You would hope that good journalism wouldn't even be necessary to stop the nonsense and discuss real, plausible solutions that Republicans may get behind - things like qualified Ch. 13 bankruptcy or making all student loan interest tax deductible - but we live in the world we've created and damn it I think I hear "It's Raining Men" and it's kinda hot, now that I think about it.

Monday, June 10, 2019

Thomas Jefferson School of Law loses accreditation

Today the ABA revoked the accreditation of Thomas Jefferson School of Law. The notorious über-toilet had long been in the throes of death. More than half of its graduates last year were unemployed ten months after graduation, and another sixth or so were marginally or tenuously employed. Enrollment of first-year students plummeted last year to 59, an unsustainably low level. Students paid $50k per year in tuition, but only a quarter of those taking the bar exam last year passed. The school had even lost its financial stability, thanks to declining enrollment and such foolish decisions as the construction several years ago of a ridiculous $90M building that it had to vacate last year in favor of cheap rented office space.

The ABA has demanded a "teach-out" plan whereby those few students still at Thomas Jefferson may complete their degrees. Reportedly Thomas Jefferson intends to appeal against the decision. By doing so, it may be able to defer the submission of a "teach-out" plan. The appellate process could extend into the autumn.

Nonetheless, Thomas Jefferson is done for. It would not have been viable even with another class of 59 first-year students, and now presumably most of those few people who may have been admitted for the coming academic year will look elsewhere rather than gambling on the highly improbable survival of a toilet law school that has lost its accreditation on multiple grounds. Thomas Jefferson has apparently obtained accreditation from the state of California, but that is far less attractive than ABA accreditation. A state-accredited (or unaccredited) Thomas Jefferson would probably attract even fewer students and would certainly have to lower tuition dramatically from the current sky-high level of $50k per year, in part because its students would have less access to student loans or other financial aid. Thus Thomas Jefferson has little hope, with or without ABA accreditation. Count it dead.

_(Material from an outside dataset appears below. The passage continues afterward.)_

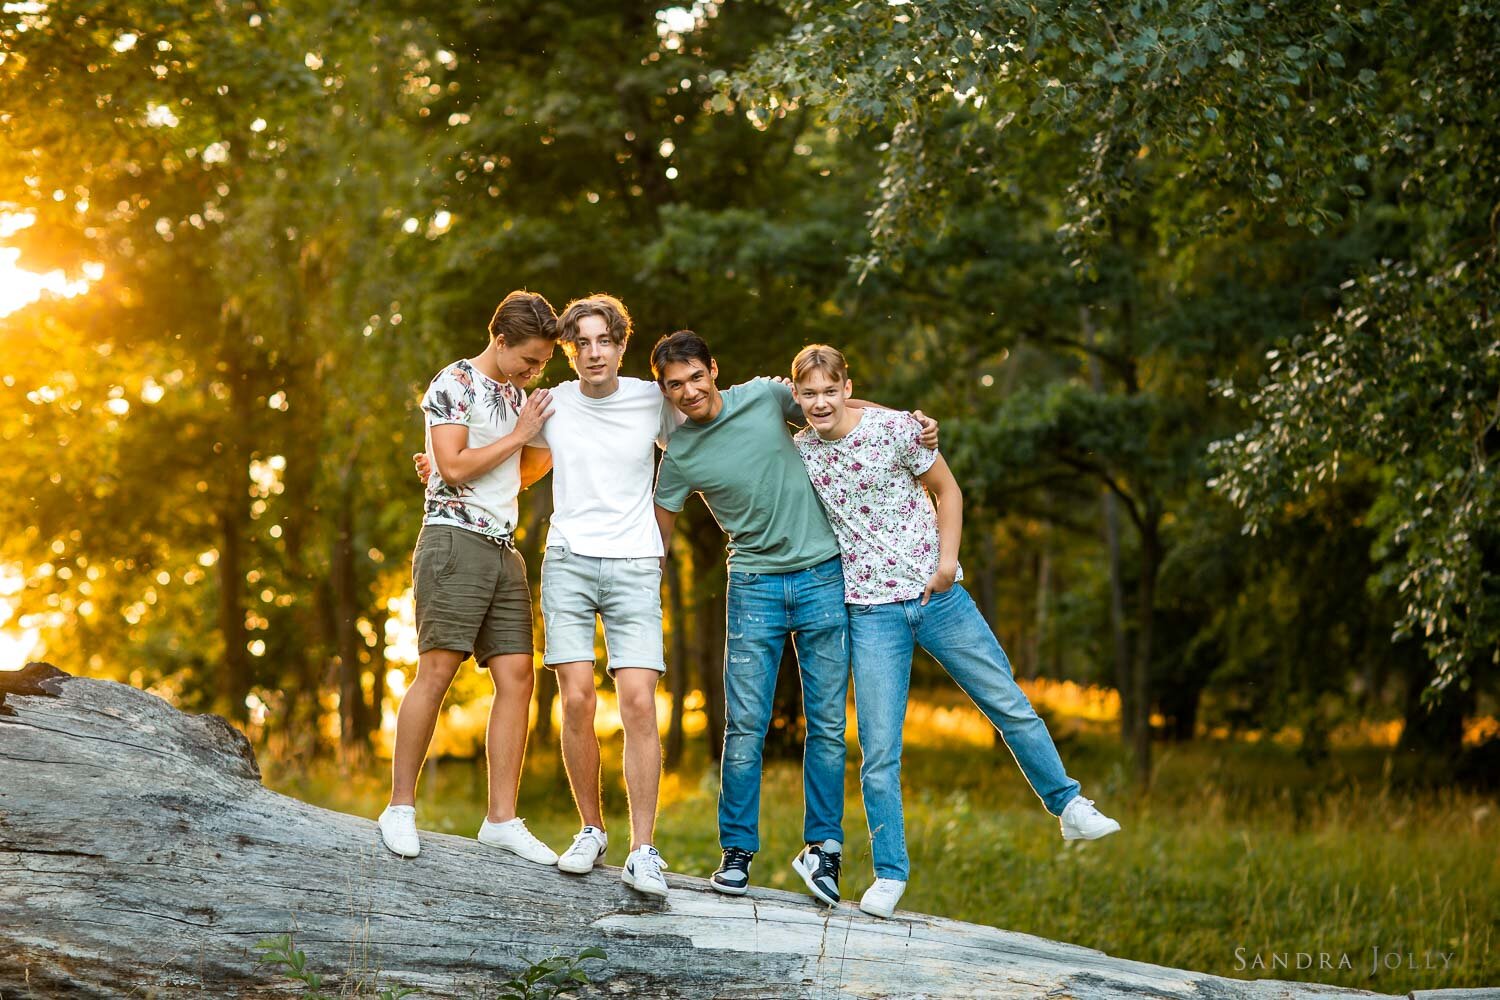 teenage-boys-having-fun-by-stockholm-portrait-photographer-sandra-jolly-photography.jpg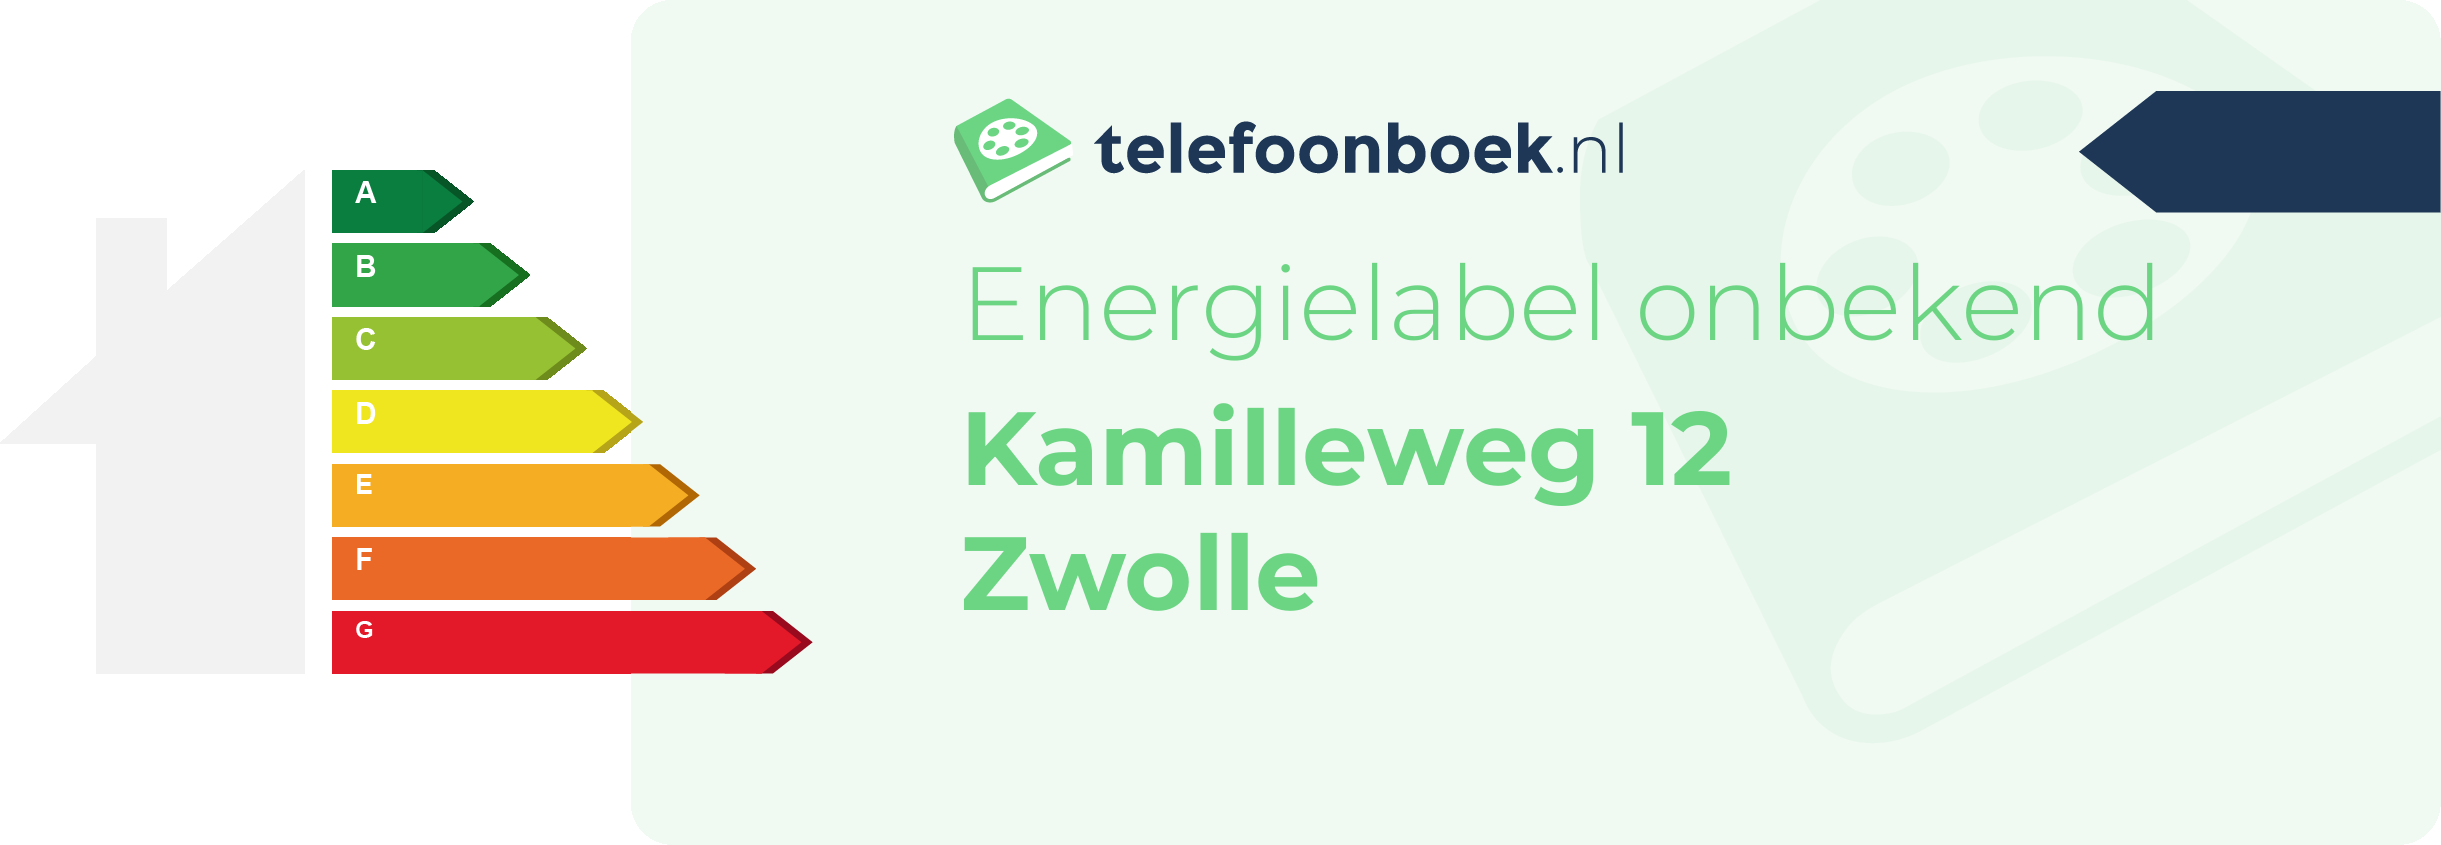 Energielabel Kamilleweg 12 Zwolle

I expect Thomas Jefferson to cancel the entering class à la Arizona Summit. Then it will quietly close, whether it carries on with the threatened appeal or not.

Which law school will be the next to die? I'm betting on the Western State College of Law, but Florida Coastal and Appalachian are other strong contenders.

The real Thomas Jefferson was a fan of French wine. Old Guy is going to open a bottle of good Bordeaux tonight in celebration of the demise of another über-toilet law school. My colleagues in the anti-scam movement are welcome to come over for a glass.